Astronomy and Astrophysics – Astronomy
Scientific paper
Nov 2001
adsabs.harvard.edu/cgi-bin/nph-data_query?bibcode=2001dps....33.2406s&link_type=abstract
American Astronomical Society, DPS Meeting #33, #24.06; Bulletin of the American Astronomical Society, Vol. 33, p.1083
Astronomy and Astrophysics
Astronomy
Scientific paper
The nature of Io's atmosphere with its strong interaction with the Io plasma torus is a complex three-dimensional problem of significant scientific interest. To gain more physical insight into this problem, new numerical calculations for Io's atmosphere have been undertaken based upon an improved version of the 2-D (altitude and solar zenith angle) multi-species diffusive hydrodynamic model of Wong and Smyth (Icarus 146, 60-74, 2000) for an SO2 sublimation atmosphere with photo- and gas-phase chemistry for the species SO2, SO, O2, O, S, Na, NaO, and NaS. First, plasma-neutral chemistry (in particular, electron impact molecular dissociation) has been incorporated in the 2-D model in a simplified manner. Model calculations show that electron impact molecular dissociation is important at higher altitudes in the dayside atmosphere, over a larger altitude range in the thinner nightside atmosphere, and in Io's entire atmosphere when eclipsed by Jupiter's shadow. In particular, O, S and SO are enhanced dramatically relative to the SO2 density at high altitudes in the dayside atmosphere and are the dominant species in the nightside atmosphere. Plasma-neutral chemistry also significantly stabilizes the abundance of O and S in Io's eclipsed atmosphere, so as to be more compatible with eclipse and post-eclipse changes observed in O and S ultraviolet intensities obtained with HST (Ballester et al., BAAS 29, 980, 1997).

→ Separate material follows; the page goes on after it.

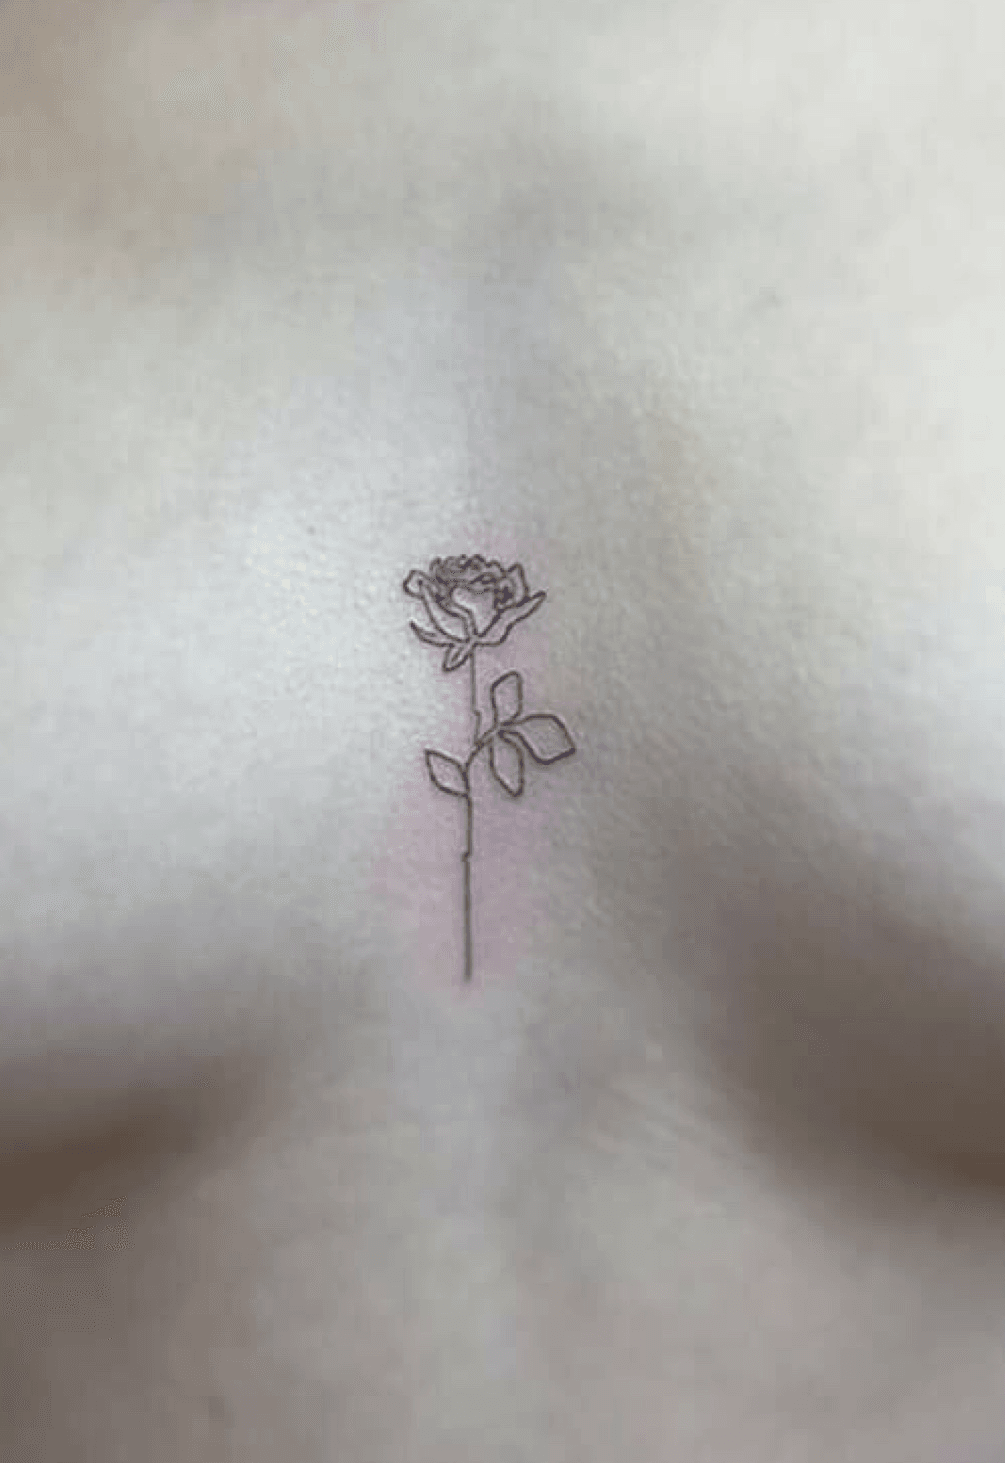 Single Line Rose Tattoo on Ankle

Second, relevant photo- and gas-phase chemistry for chlorine species (which can be strongly coupled through Cl2 to sodium species) has been incorporated in the 2-D hydrodynamic model, and exploratory calculations have being undertaken for different source scenarios. Atomic chlorine was recently detected in UV emission lines acquired by HST/STIS measurements (Retherford et al., BAAS 32, 1055, 2000). Model calculations will be presented to illustrate the impact of plasma-neutral chemistry and the distribution of chlorine and sodium species in Io's atmosphere.
Marconi Max L.
Smyth William H.
Wong Chuen-Ming M.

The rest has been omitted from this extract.